Hacker News new | ask | show | jobs
by zarzavat 173 days ago
There's no reason to believe that weights are copyrightable. The only reason to pay attention to this "license" is because it's enforced by Apple, in that sense they can write whatever they want in it, "this model requires giving ownership of your first born son to Apple", etc. The content is irrelevant.
5 comments

> The only reason to pay attention to this "license" is because it's enforced by Apple

Yes, but the most important reason to pay attention to ANY license for most people is because it is a signal for under what conditions the licensor is likely to sue you (especially in the US, which does not have a general “loser pays” rule for lawsuits), not because of the actual legality, because a lawsuit is a cost most people don’t want to bear while it is ongoing or cover the unrecoverable costs of once it is done, irrespective of winning and losing, and, on the other hand, few people care about being technically legal with their use of copyright protected material if there is no perceived risk of enforcement.

But even if that wasn’t true, and being sued was of no financial or other costs until the case is finally resolved, and only then if you lose, I wouldn't bet much, in the US, in the court system ultimately applying precedent in the most obvious way instead of twisting things in a way which serves the interest of the particular powerful corporate interests involved here.

> There's no reason to believe that weights are copyrightable.

I know this is a long, nuanced, ongoing discussion. I'm very interested in it, but haven't read up on it for years. Could you elaborate a bit on the latest?

I was always in the camp that opined that "weights" are too broad a term for any sensible discussions about conclusions like "are (not) copyrightable". Clearly a weight that's the average of its training data is not copyrightable. But also, surely, weights that are capable of verbatim reproduction of non-trivial copyrightable training data are, because they're just a strange storage medium for the copyright data.

What am I missing?

This. Tables of numbers are explicitly not subject to copyright; that’s a copyright 101 fact.

Any of the code that wraps the model or makes it useful is subject to copyright. But the weights themselves are as unrestricted as it gets.

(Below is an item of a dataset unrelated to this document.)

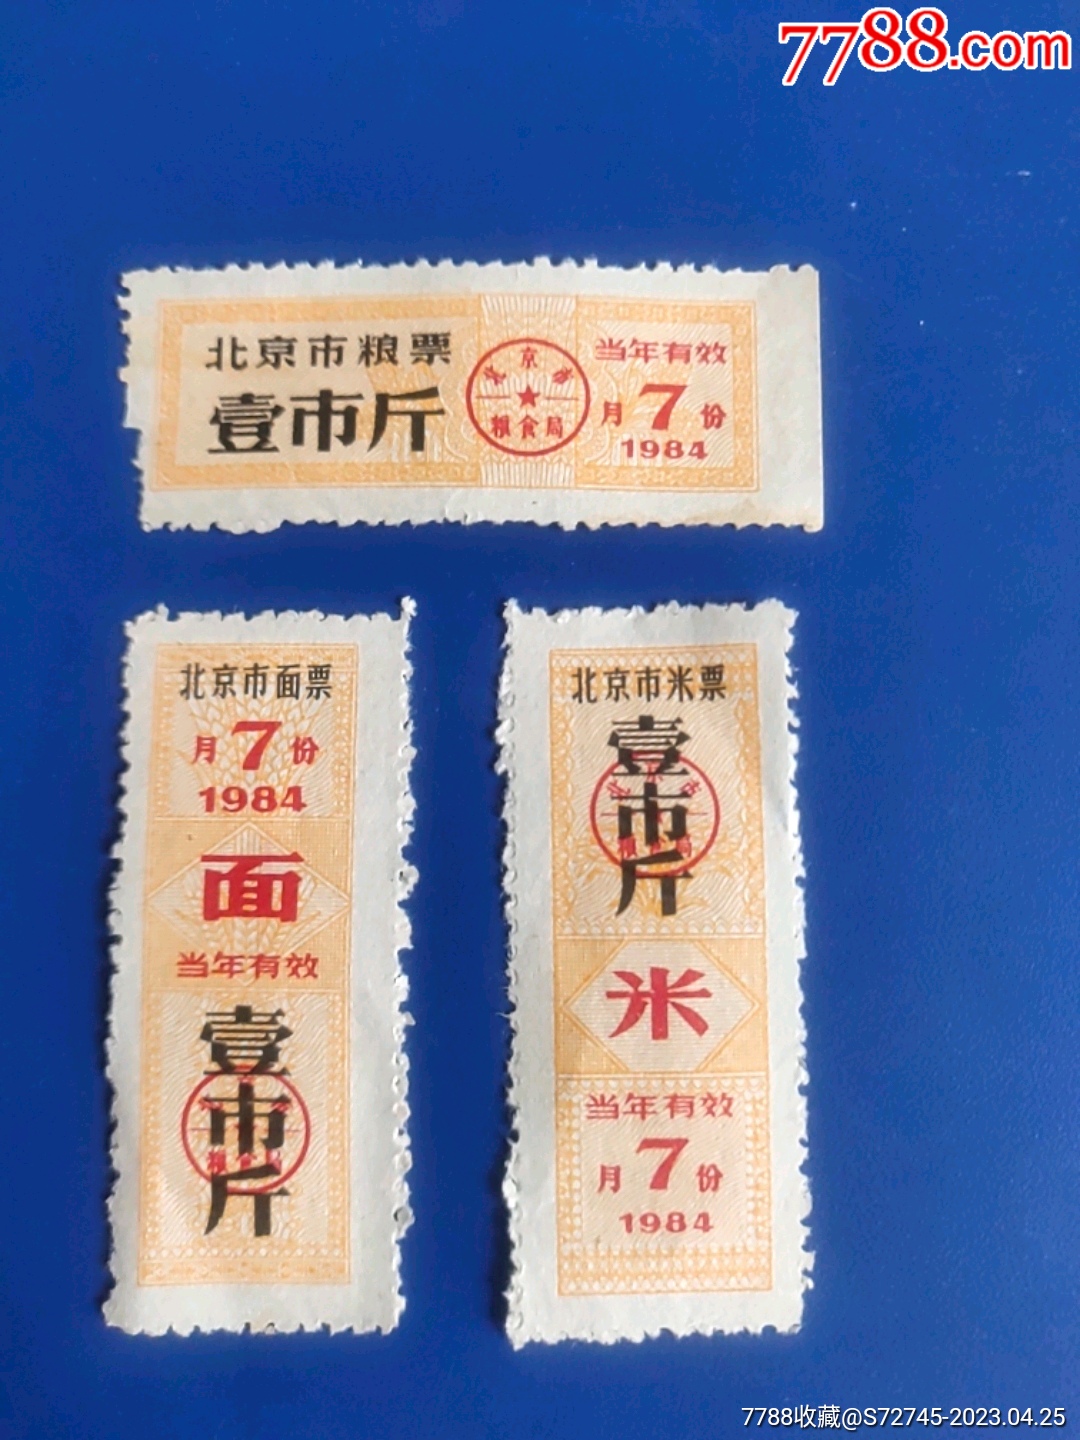 1986年北京市面票、1986年北京市粮票和1993年北京市米票共160张-价格:160元-au23348412-粮票 -加价-7788收藏__收藏热线
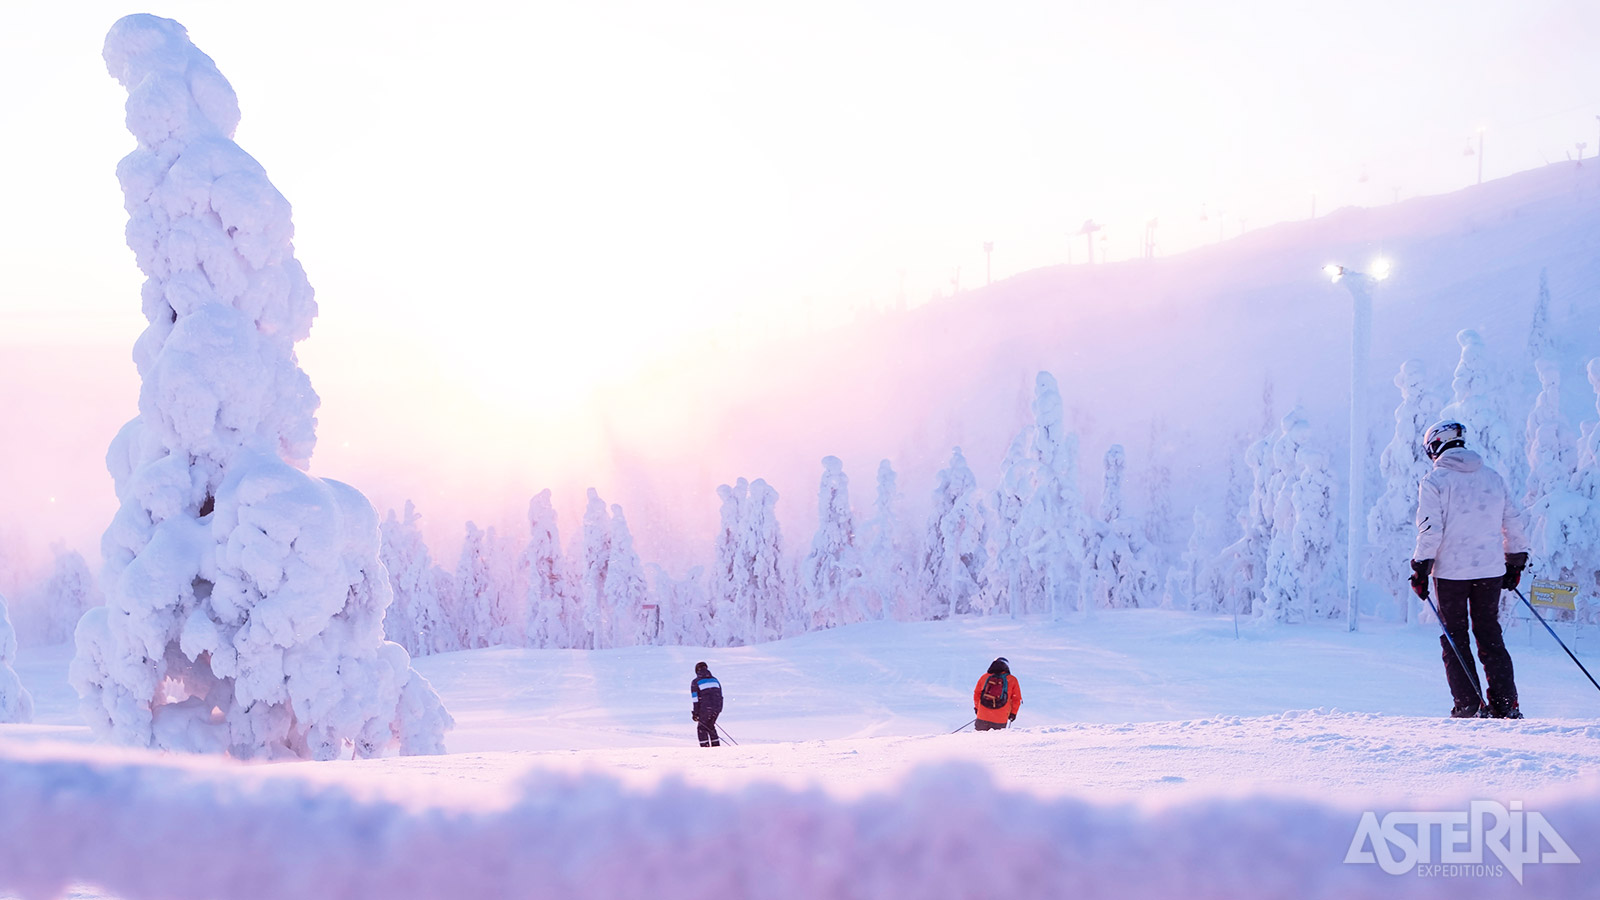 Ruka staat ook garant voor één van de betere skigebieden van Finland

> This. Tables of numbers are explicitly not subject to copyright; that’s a copyright 101 fact.

Ok, but there's clearly more nuance there. Otherwise I could claim that any mp3 file I wanted to distribute is just a table of 8-bit integers and therefore not subject to copyright.

I wanted to reply in this direction. Ultimately, literally everything and anything in SW is a sequence of numbers, that anybody could easily put in some kind of table form.

I don’t know where the catch is, but that sentence can not be true in general.

A table of numbers is copyrightable if it represents some creative expression by a human being. For example, a BMP representing a sketch is a table of numbers and clearly copyrightable.

Weights are numbers that come from an optimization process. To the extent that weights encode any creativity, they encode the creativity of the training data. But any company using AI models (including Apple) does not want that interpretation because they are using AI models that were trained on other people's copyrighted works. If weights could be copyrighted, we all of us would own them.

That makes sense. Is all about content, not format.
That is simply not true. The details might vary by jurisdiction and the protection might not be under the exact name of “copyright” but there most certainly are comparable legal protections for the contents of databases (“tables of numbers”). See for example: https://europa.eu/youreurope/business/running-business/intel...
Disney would like you have a word with you. Why would their pile of numbers that represent Avatar3.m4a be any more subject to copyright than Apple_2D_3D.bin. Or GPT52.mlx or Opus45.gguf?
It's probably just Apple layers avoiding getting involved in any copyright lawsuit over the copyrightability of weights, by avoiding licensing it except under what's clearly fair use anyway, making copyrightability moot.
Yes this seems more about protecting them from a lawsuit. I don’t think they actually give a shit about the weights or they wouldn’t release them at all. I suspect they just know they’re training dataset isn’t perfectly “clean” and don’t want to accept any more liability than they already have.
[flagged]
Please avoid sneers and swipes on HN. The guidelines make it clear we're trying for something better than this here.

https://news.ycombinator.com/newsguidelines.html

You could make the same mocking argument towards people who find anything good that Apple produces.
Not sure I've met one of those people in... a decade or so? Loving apple products has been an uphill road for a long time (and increasingly more so post-Jobs)
> Not sure I've met one of those people in... a decade or so? Loving apple products has been an uphill road for a long time (and increasingly more so post-Jobs)

You either a deliberately misrepresenting the facts or been livoning under a rock. I mean read any discussion about M laptops and you see apple fanboys noncritucally declaring them a revolution in computing.

> I mean read any discussion about M laptops and you see apple fanboys noncritucally declaring them a revolution in computing.

I see a lot of people extolling the battery life, displays, and trackpads. And probably an equal amount of complaining about the increasingly locked-down and un-customisable nature of macOS. We all like the hardware, and fight the software more by the day.

The blind zealots of the "I'm a Mac, and I'm a PC" era just aren't very common anymore.